What if one of us starts a Jane Austen Club Society in Delhi?
It is such happiness when good people get together — and they always should. Everyone — young and not-so-young, straight and not-so-straight, single and not-so-single — should be invited to join the Jane Austen Society Club. The only condition being that you must have read all six of Ms Austen’s novels at least six times each.
Each Sunday evening, after completing their purchases in Daryaganj’s Sunday Book Bazaar, Jane Austen admirers will gather in front of Urdu Bazaar and sit on the Jama Masjid stairs.
Over doodh-waali chai and biskut, we will read excerpts from dear Jane’s novels. Firangi backpackers from the unsanitary bowels of Paharganj will be invited to share how Delhi belly keeps them “in a continual state of inelegance”, while residents of West Delhi will be provided an opportunity to complain of snobbish South Delhi’s myopic belief that their Delhi is the only Delhi (ah, “one half of the world cannot understand the pleasures of the other”).
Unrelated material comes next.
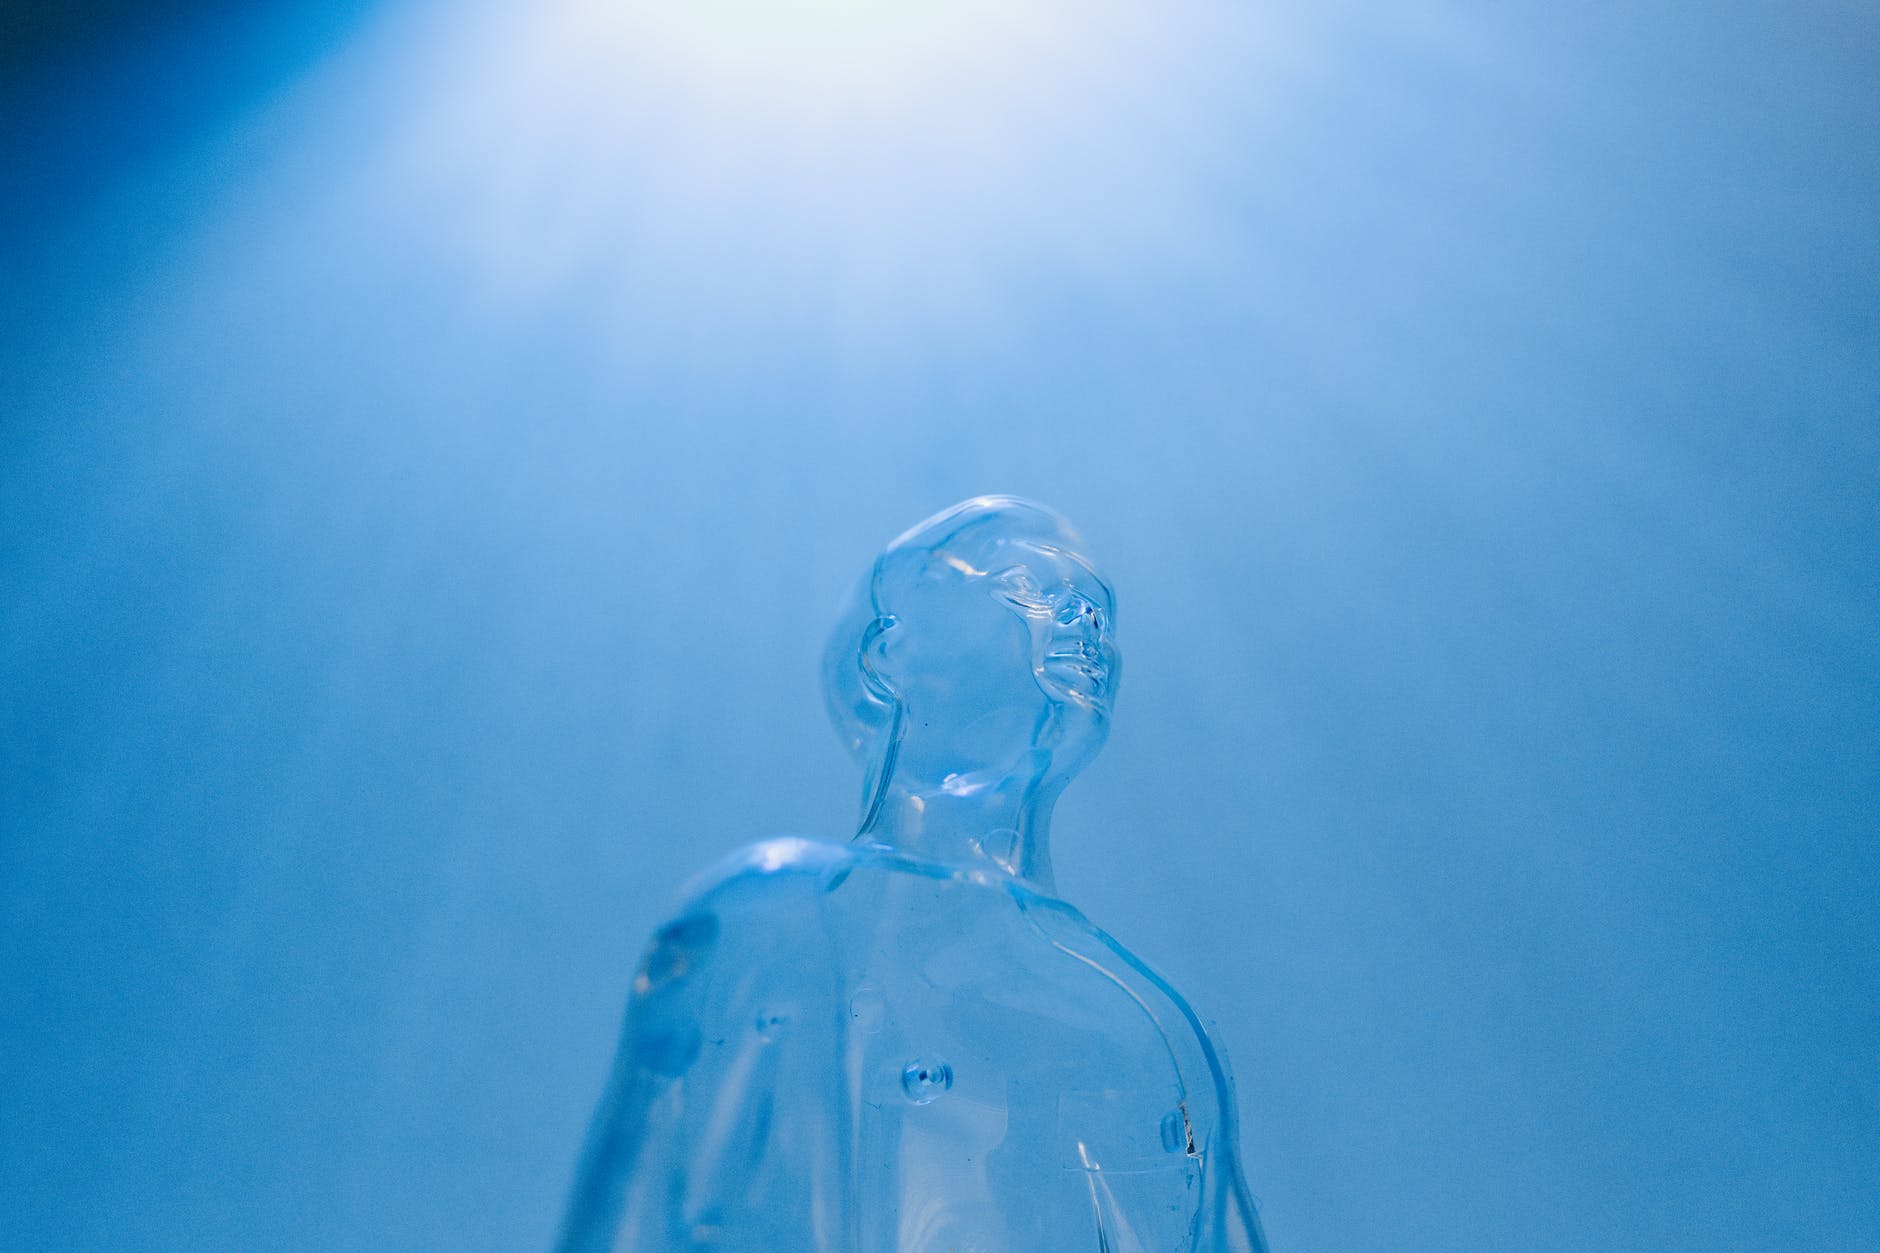 transparent mannequin on blue background

The Society will also be a platform for the romantics to share their delights and disappointments. After all, whether you are from Vasant Kunj or Vikas Puri, you must like “to be crossed in love a little now and then.”
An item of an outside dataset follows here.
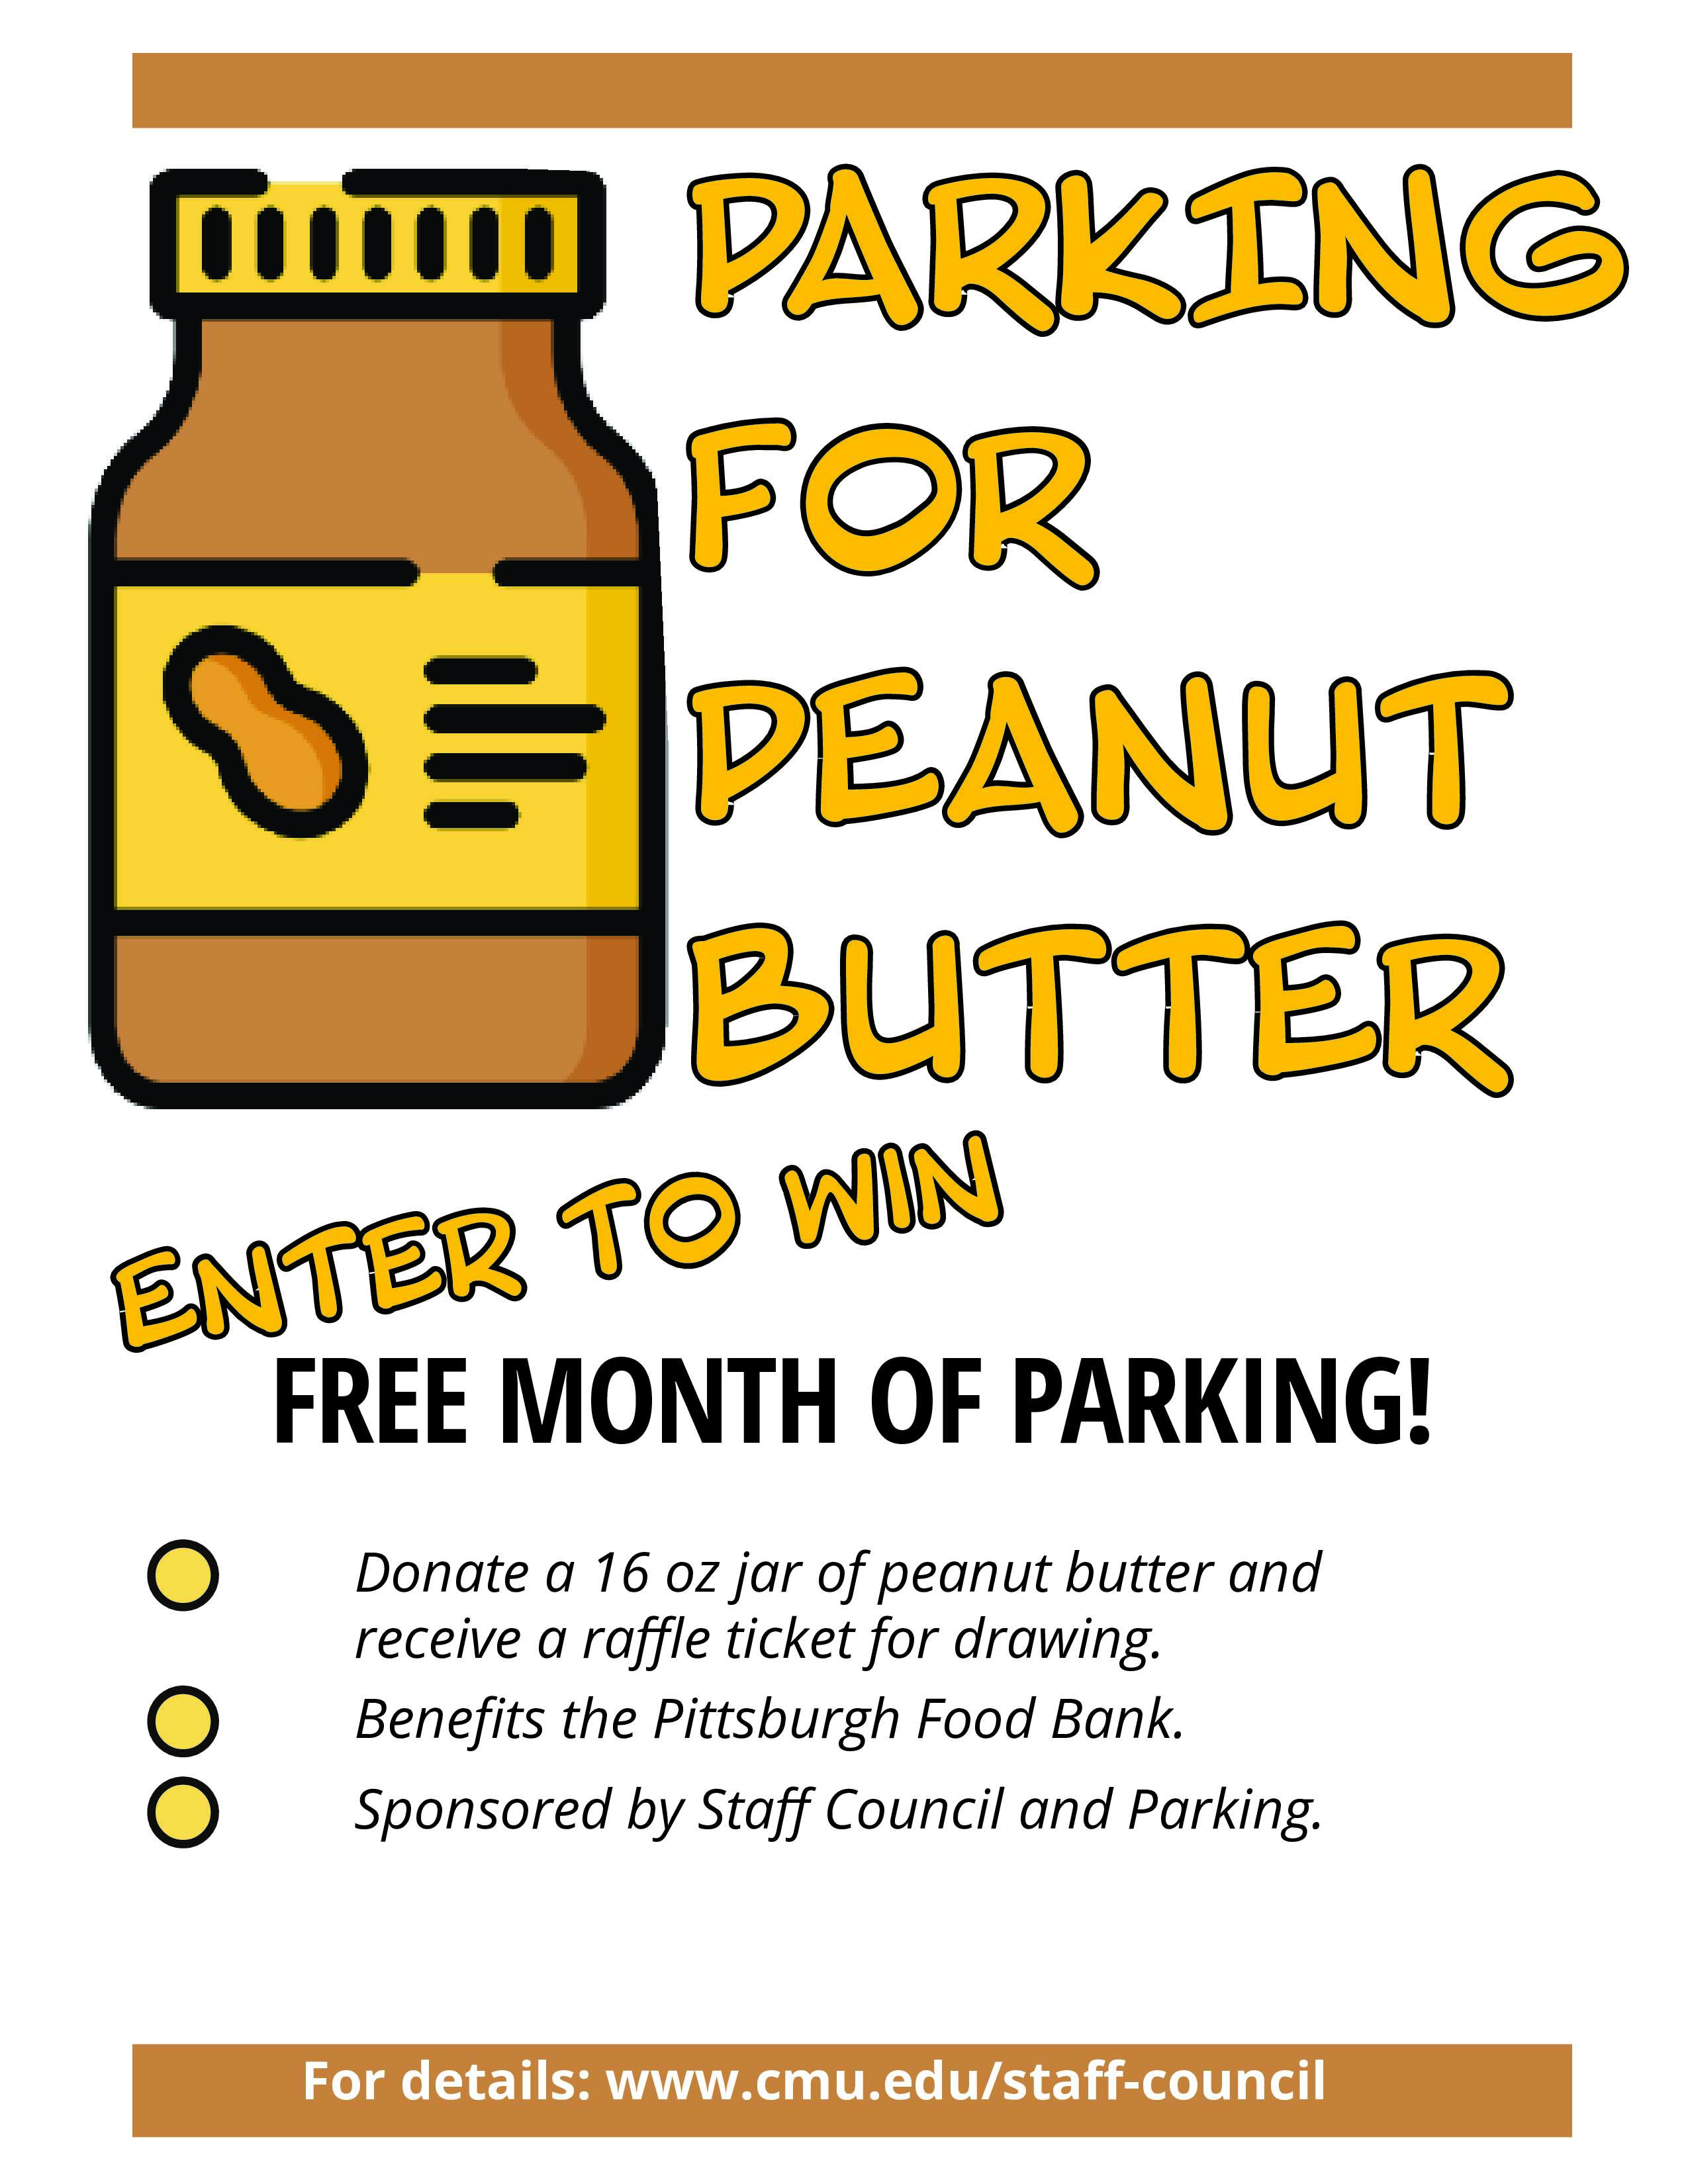 peanut butter parking

The society, as is certain, will “certainly be the finest balm for the pangs of disappointed love.”
Who will deny that an Austen admirer in possession of some spare time must be in want of lace and needles, in addition to some harmless gossip concerning the neighbor’s younger daughter? Delhi, fortunately, has no dearth of some elegant tailors. The Jane Austen Society will host an eminent fashion designer, a new one each week, who will tell us how to stitch petticoats. Learning to make lehengas, achkans, and sherwanis will require extra fee.
The society will conduct walking tours in the city where you may pretend as if you are strolling the verdant grounds of England, and not the smoggy lanes of Delhi. You can also hop by landmarks like Urdu poet Mirza Ghalib’s haveli in Ballimaran and recite his verses as passionately as Marianne Dashwood recited Shakespeare’s in Sense and Sensibility.
At the end of each meet, the members will, of course, be given a few minutes to speculate on the next day’s weather.